[Source data Boundary: Start]

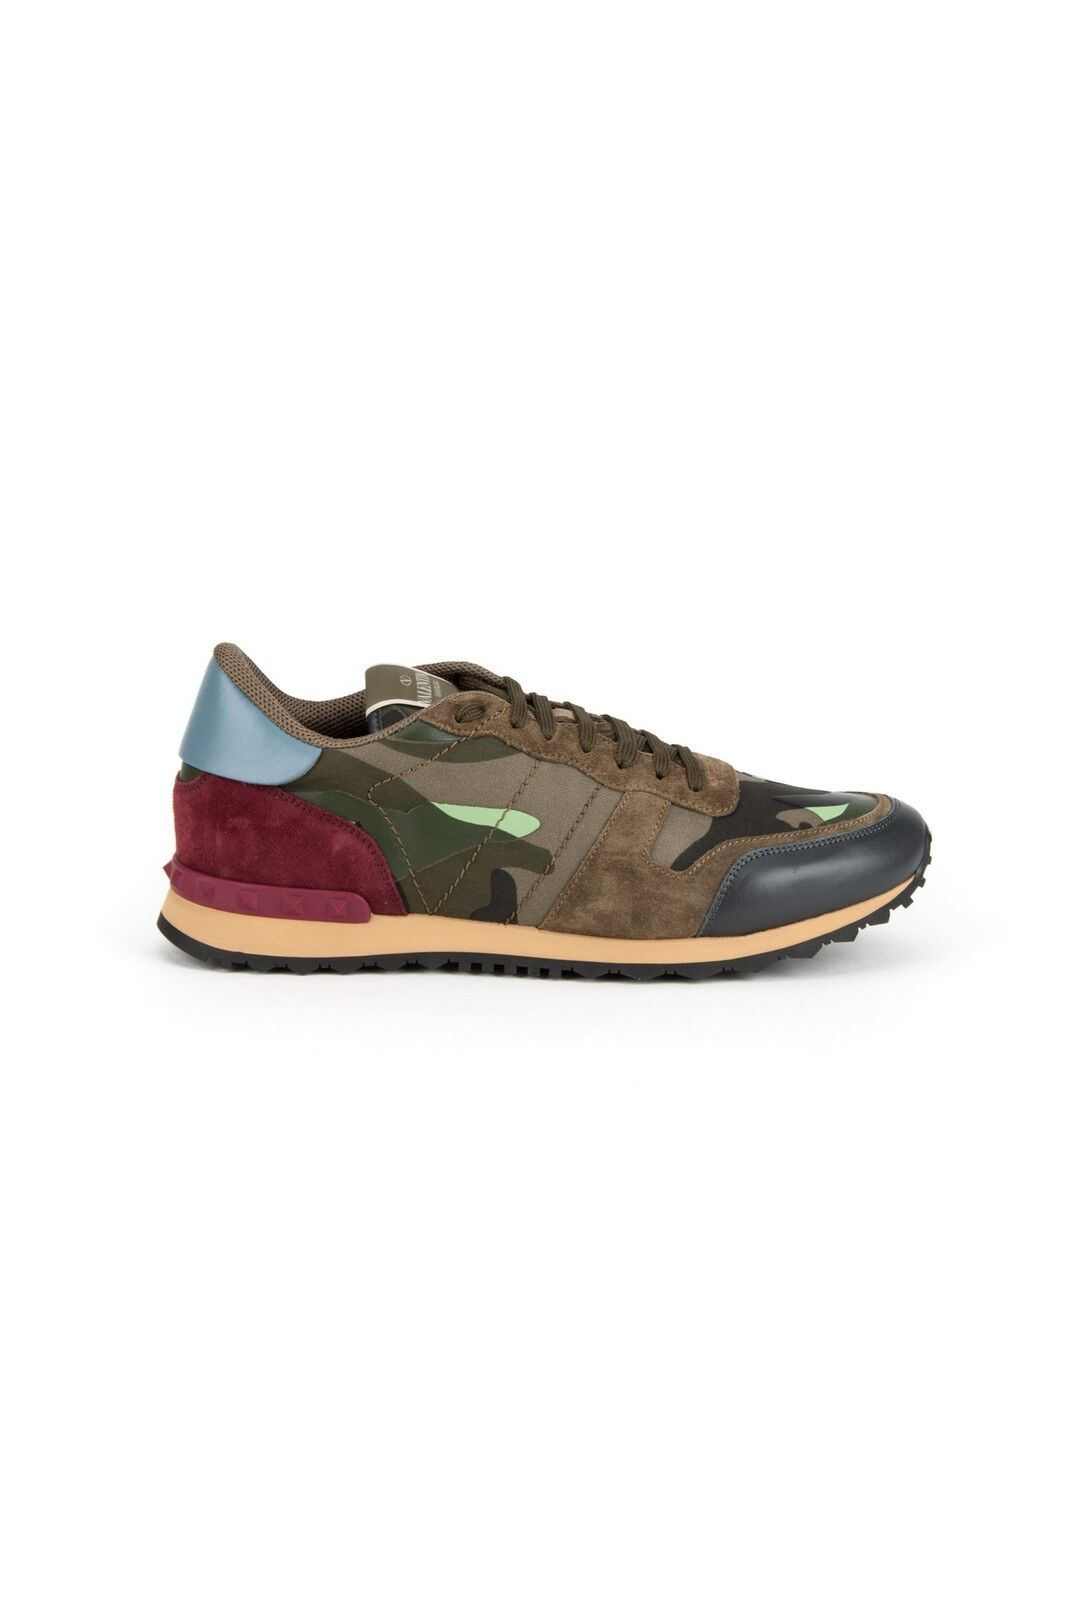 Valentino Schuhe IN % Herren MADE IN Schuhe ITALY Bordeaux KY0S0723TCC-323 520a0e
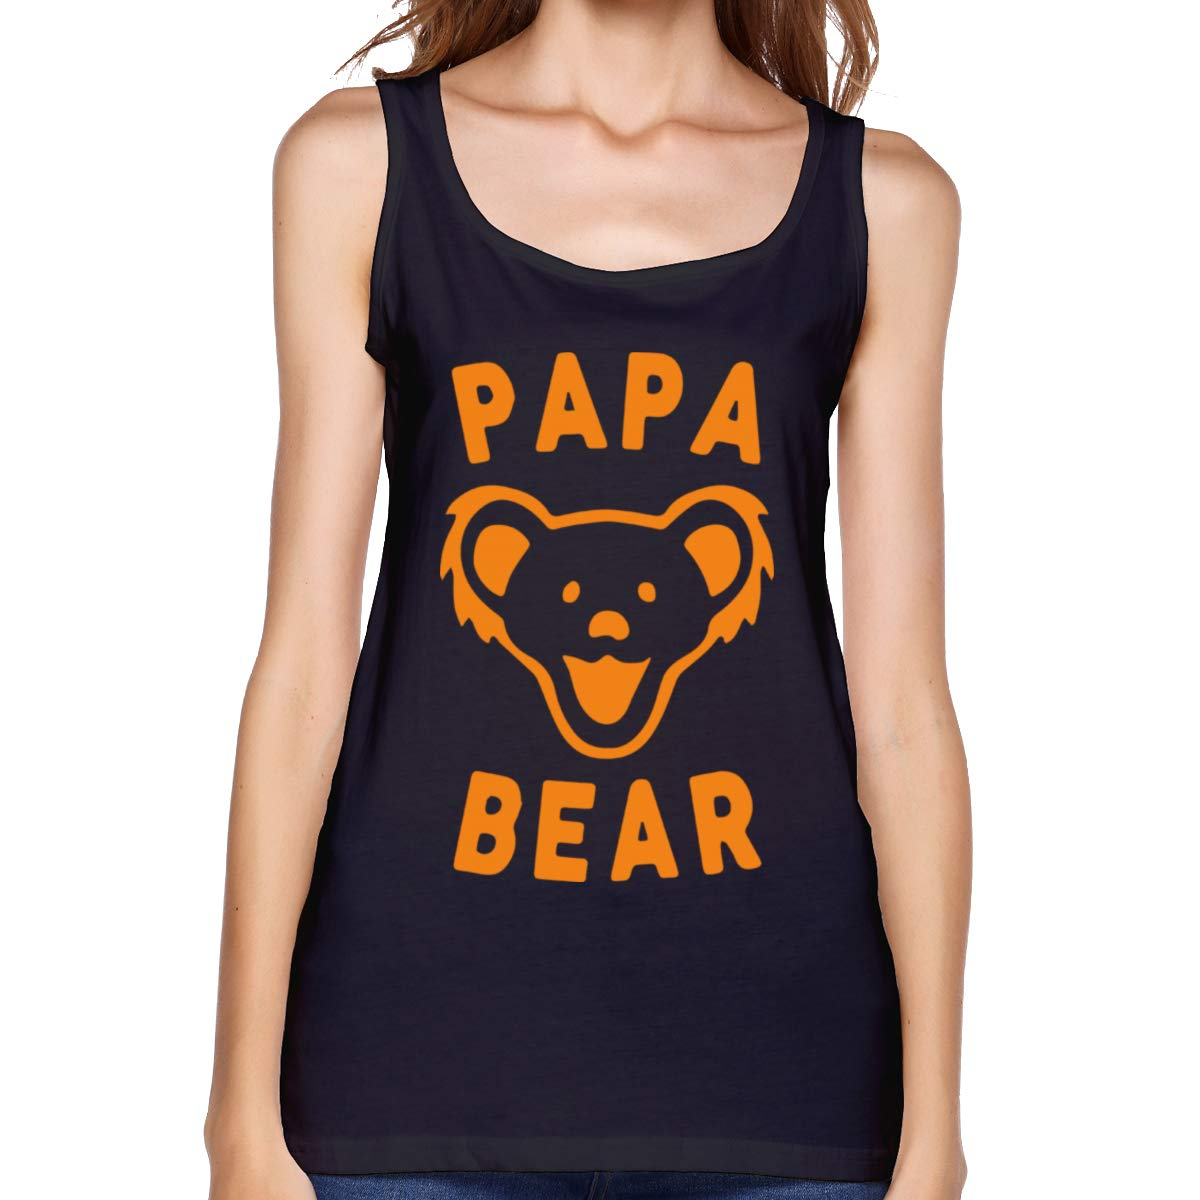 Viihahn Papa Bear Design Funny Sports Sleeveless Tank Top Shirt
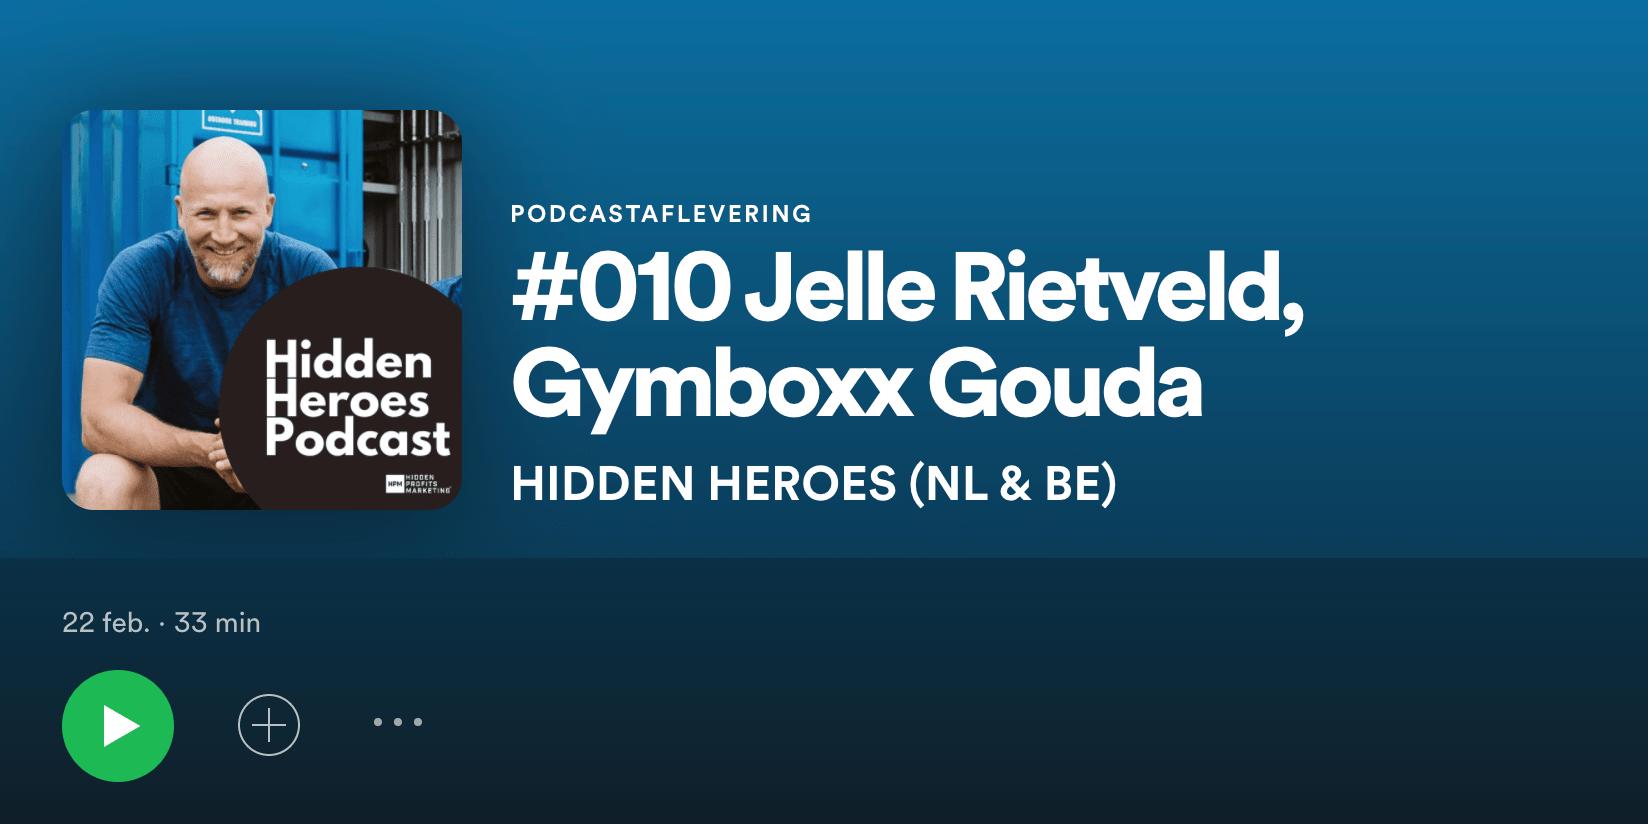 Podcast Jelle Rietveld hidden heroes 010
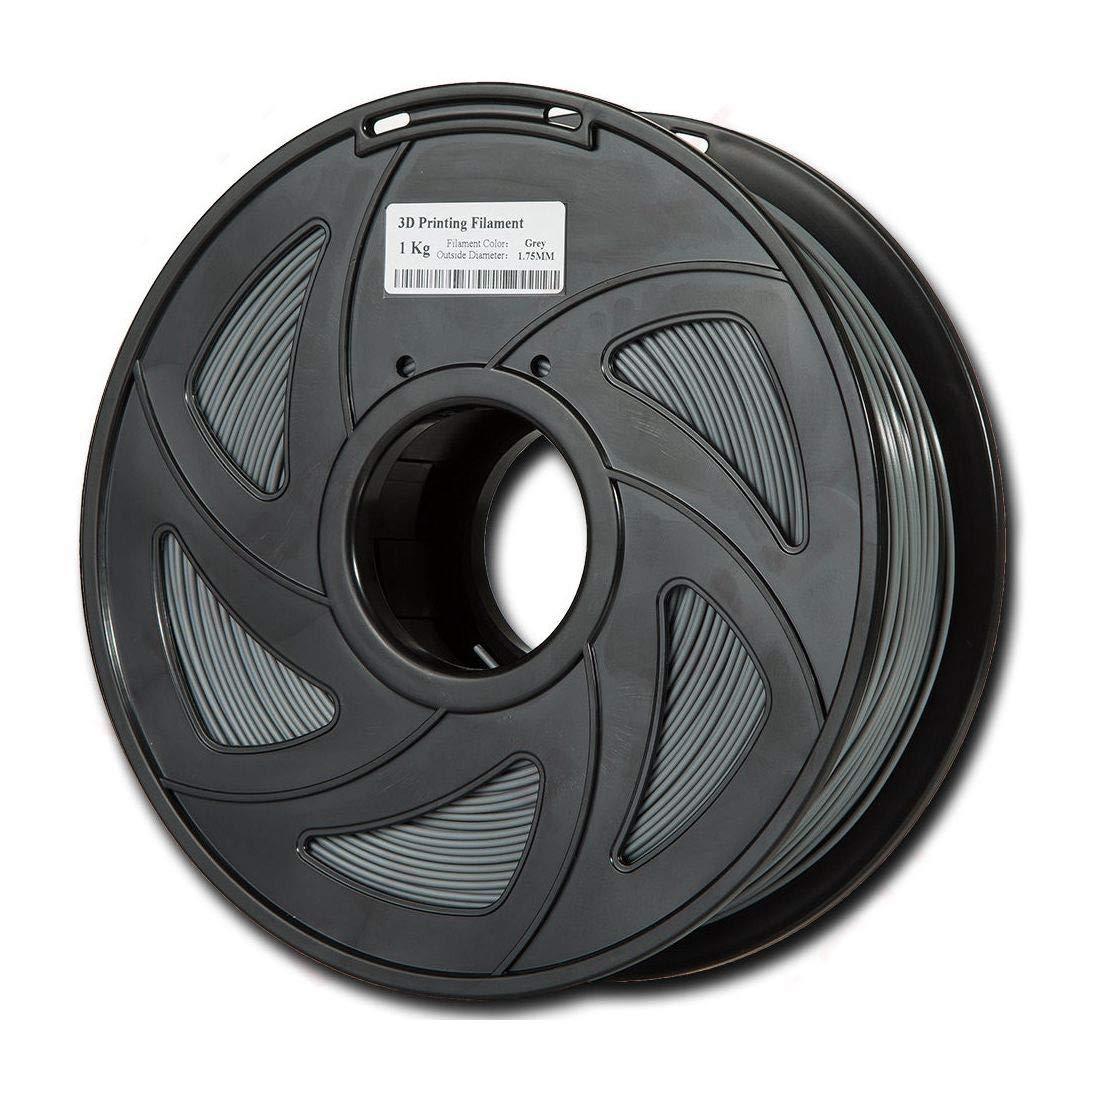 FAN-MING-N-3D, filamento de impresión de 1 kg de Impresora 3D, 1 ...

[Source data Boundary: End]

### Work required:
Output the listing word for word. Drop the pictures.

### Reply to the task:
 Valentino Schuhe IN % Herren MADE IN Schuhe ITALY Bordeaux KY0S0723TCC-323 520a0e
 Viihahn Papa Bear Design Funny Sports Sleeveless Tank Top Shirt
 Podcast Jelle Rietveld hidden heroes 010
 FAN-MING-N-3D, filamento de impresión de 1 kg de Impresora 3D, 1 ...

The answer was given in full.